This was my grandmother shortly before she died, at 96. She died yesterday last year. I only noticed because her wonderful carer put some photos of her up. She gave me this one that she took, and I'm very grateful.
I'm not a fan of death anniversaries. The Catholic church celebrates them eagerly, month by month at first. It ... I don't know if it is positive for me. I'd prefer to celebrate elements of the lives of my loved ones, not the moment of their deaths, and my grief. It was, strangely, also the anniversary of my mother's death yesterday, but I am pleased to pass that day by too. For too long, I stumbled on that significance.

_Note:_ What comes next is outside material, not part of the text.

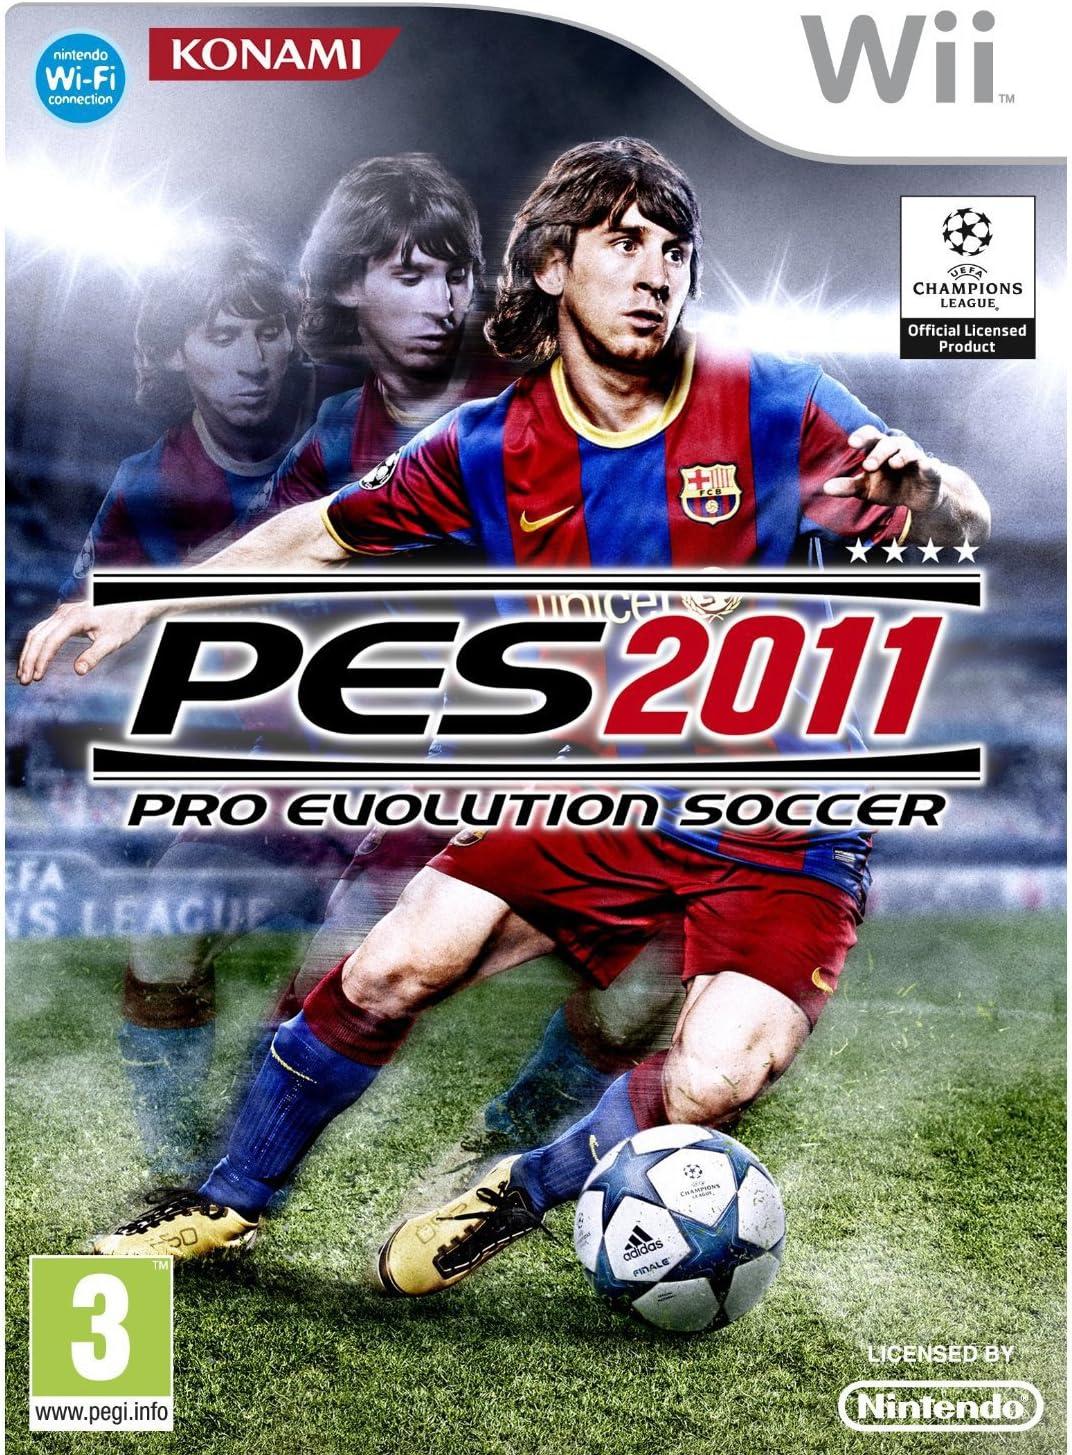 Pes 11 : Pro Evolution Soccer 2011: Amazon.es: Videojuegos

I thought that getting married on Midsummer's Day would be a romantic and wonderful thing, but now I have a non-anniversary that is marked in particular and maeks it less easy to slide past it without feeling many complex things. And then, of course, a week later, my mother's death-day.

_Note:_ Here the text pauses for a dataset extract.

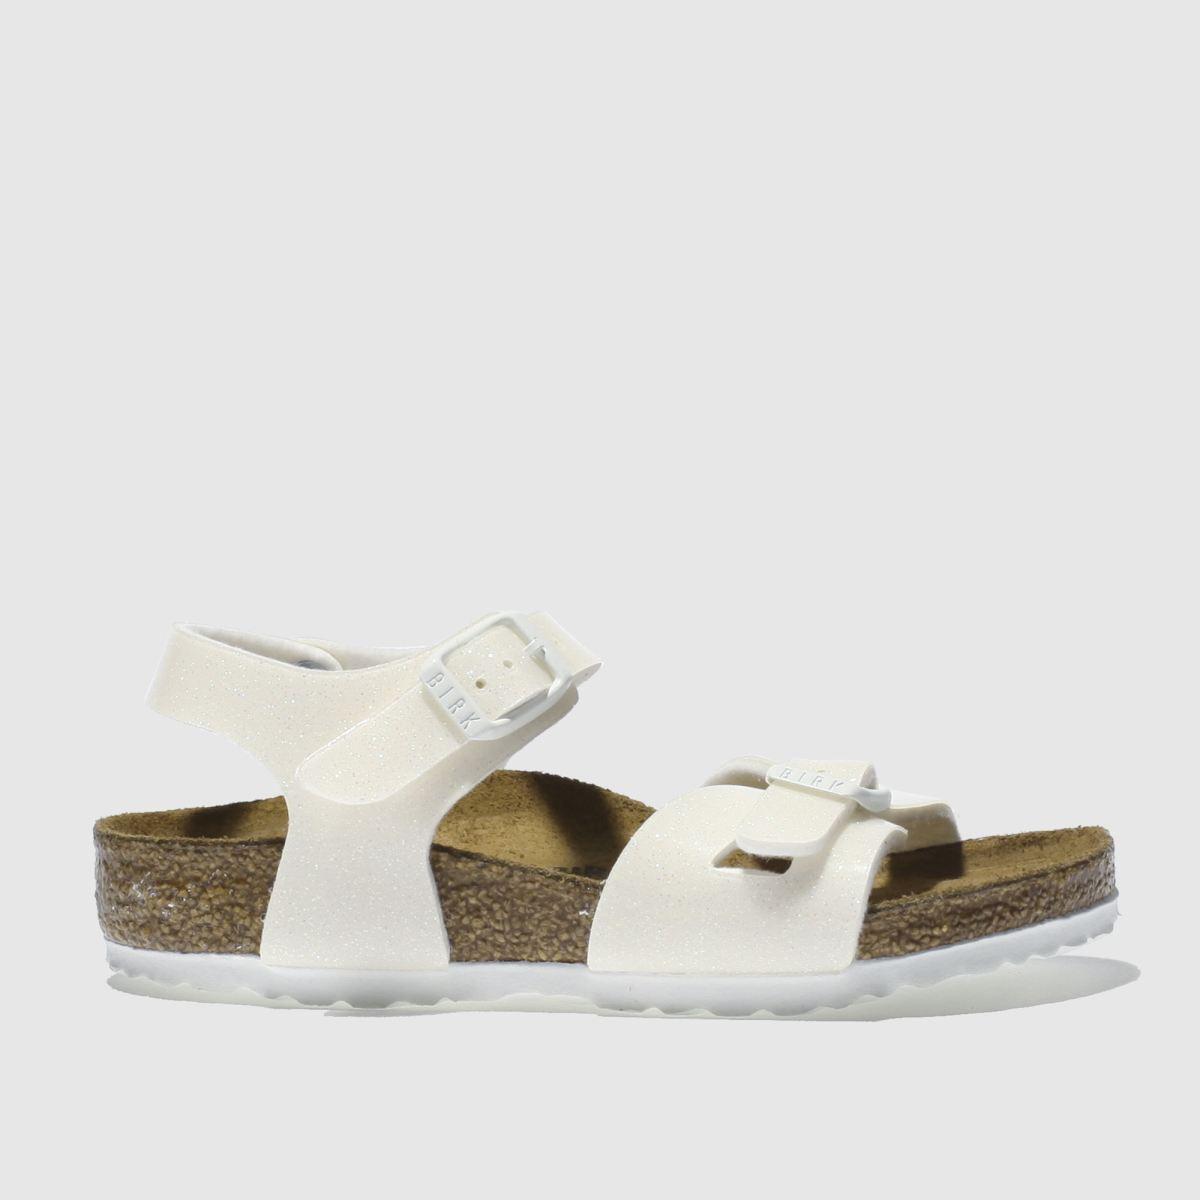 Birkenstock White Rio Sandals Toddler

I appreciate Angela marking the day, with her wonderful photos. But my memories of my granny are far deeper, go way back. My son came to me after brushing his teeth the other night, to say he was feeling sad about her. My grandmother's name was Do, for Doreen (pronounced doe) and Olivia started calling her Granny Do-Do (she'd always been Granny Do to me) and that was her name then for my children. I wonder if I'll ever get to be Granny Jo?
My grandmother was a good grandmother, in many ways that counted, though I'm not sure how lovely a mother in law she was. I was privileged to have her so long, and to have a great grandmother for my children. My mother would have been a dream grandmother though. I wish she and my children had got to have that relationship.
I was driving home the other day, thinking about her, and how I couldn't just drive to her house. That she wasn't there, in a house of hers, to go see. I know this seems obvious, and simple, but it struck me at the time, I can't quite explain how. Sometimes the Lack just hits you.